Dann folgte jedoch ein Versäumnis von unserer Seite. Statt die Debatte auch in der Berliner PDS offensiv zu führen, duckten wir uns angesichts der Proteste weg und überließen anderen das Feld. Die Lage ist dadurch nicht einfacher geworden. Heute hat der Parteitag eine Sachdebatte zu führen und eine Entscheidung zu treffen. Für jede Position gibt es Argumente und die Beratungen in den Bezirksverbänden haben mir nicht den Eindruck vermittelt, dass trotz vielfältiger Informations- und Debattenmöglichkeit die Delegierten als Vertreter der Berliner PDS-Basis sicherer in ihrer Position geworden sind.
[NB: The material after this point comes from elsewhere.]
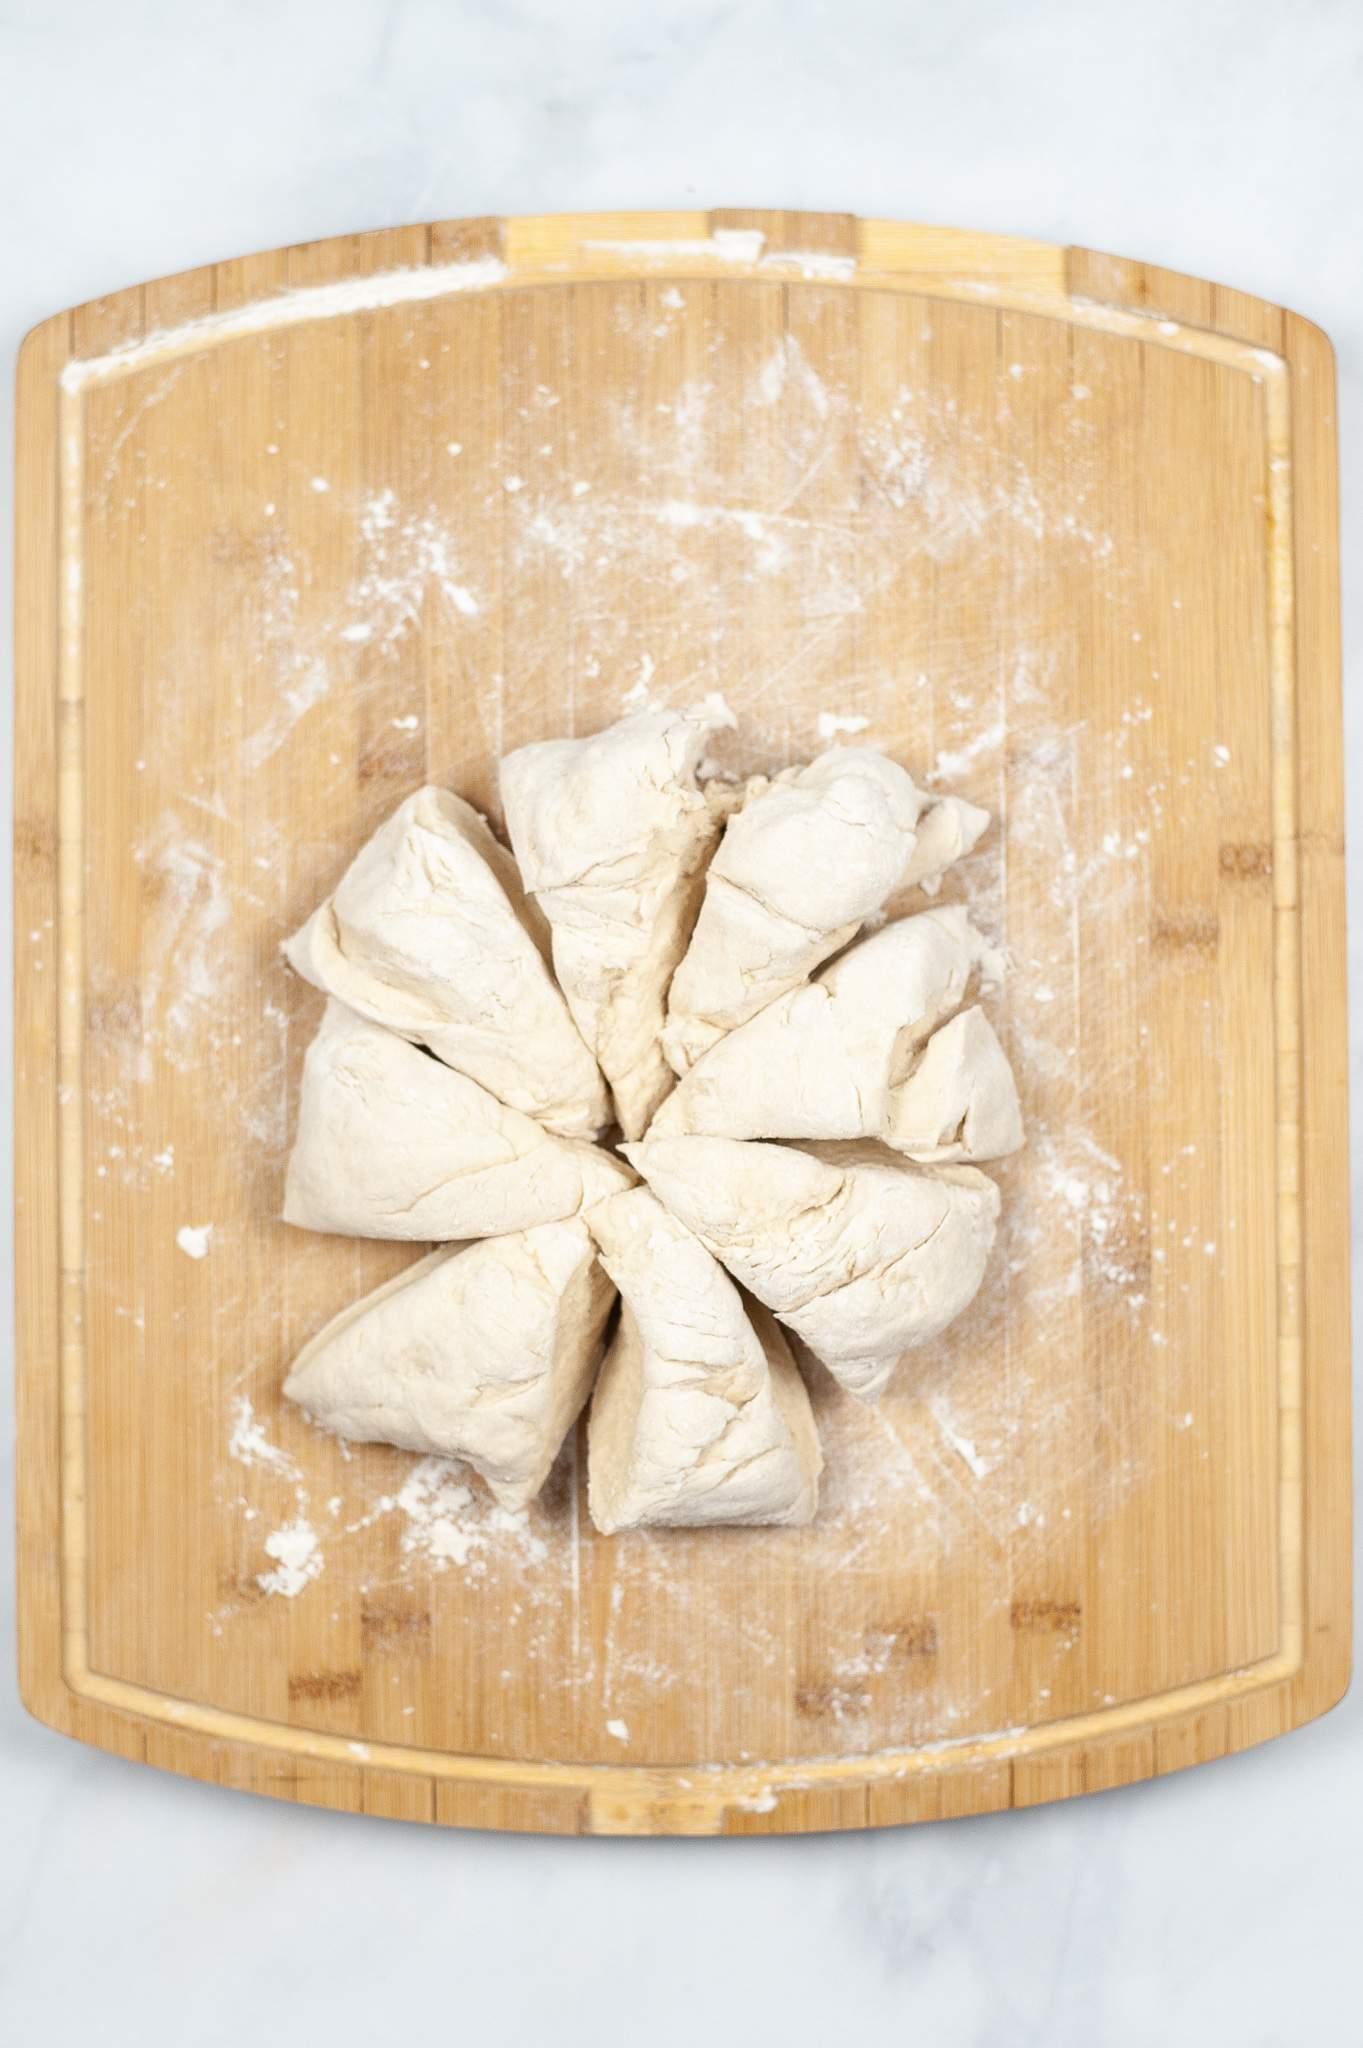 dough cut into shapes

Die mangelnde Beteiligung der Berliner PDS an einer vom Landesvorstand ausgerichteten Konferenz, die den Zweck haben sollte, den heutigen Parteitag vorzubereiten, hat es uns dabei auch nicht leichter gemacht.

Fast hatte ich in den letzten Tagen den Eindruck, dass mancher Delegierte sein Mandat auf Mitentscheidung zurückgeben wollte, mit der Bitte: Einigt Euch doch!


Liebe Genossinnen und Genossen,


wir sind uns einig in unserer Ablehnung von Studiengebühren, wir sind uneins was dafür der bessere Weg ist.


Heidi, Harald, einige Landesvorstands- und viele Fraktionsmitglieder unterstützen das Studienkontenmodell unseres Wissenschaftssenators. Es wird auch von Kritikern als das gegenwärtig moderateste Regulierungsmodell anerkannt, das gegenwärtig in Deutschland zur Debatte steht. Die Überlegung ist, und ich teile sie ausdrücklich, dass mit eingeführten und gut funktionierenden Studienkonten ein Umschwenken auf reine Studiengebühren, die nach einem entsprechenden Urteil des Bundesverfassungsgerichts vom 1. Semester an in Landeshoheit eingeführt werden könnten, schwerer wird.


Benjamin Hoff, die Landesarbeitsgemeinschaft Wissenschaftspolitik und viele Landesvorstands- und einige Fraktionsmitglieder, sowie weitere Unterstützerinnen und Unterstützer meinen hingegen, dass durch das Studienkontenmodell unsere prinzipielle Ablehnung von Studiengebühren in frage steht und wir an Profil verlieren und die Tür zu Studiengebühren weiter öffnen.


Klar ist, dass, was auch immer der Parteitag entscheiden wird, genau dies Handlungsauftrag für die PDS-Fraktion im Abgeordnetenhaus sein wird.

Ich bitte Euch im Verlauf der Debatte durch die Argumente und den Ton deutlich zu machen, dass wir, wie Michail Nelken es in seinem schriftlichen Diskussionsbeitrag formuliert hat, »eine Sachdebatte führen und nach Sachgründen politisch entscheiden. Nur so können wir etwas gewinnen», meint Michail und weiter: »Jedes machttaktische Geplänkel führt zu politischem Verlust, gleich ob mit oder ohne Studienkonten.«

Ich finde, dass Michail recht hat. Zeigen wir heute als Berliner PDS, dass wir zur Wissenschaftspolitik in Berlin Ideen haben und die Kontroverse nicht scheuen! Dieser Parteitag entscheidet über Positionen, nicht über Personen!

Ich wünsche unserer Debatte einen guten Verlauf!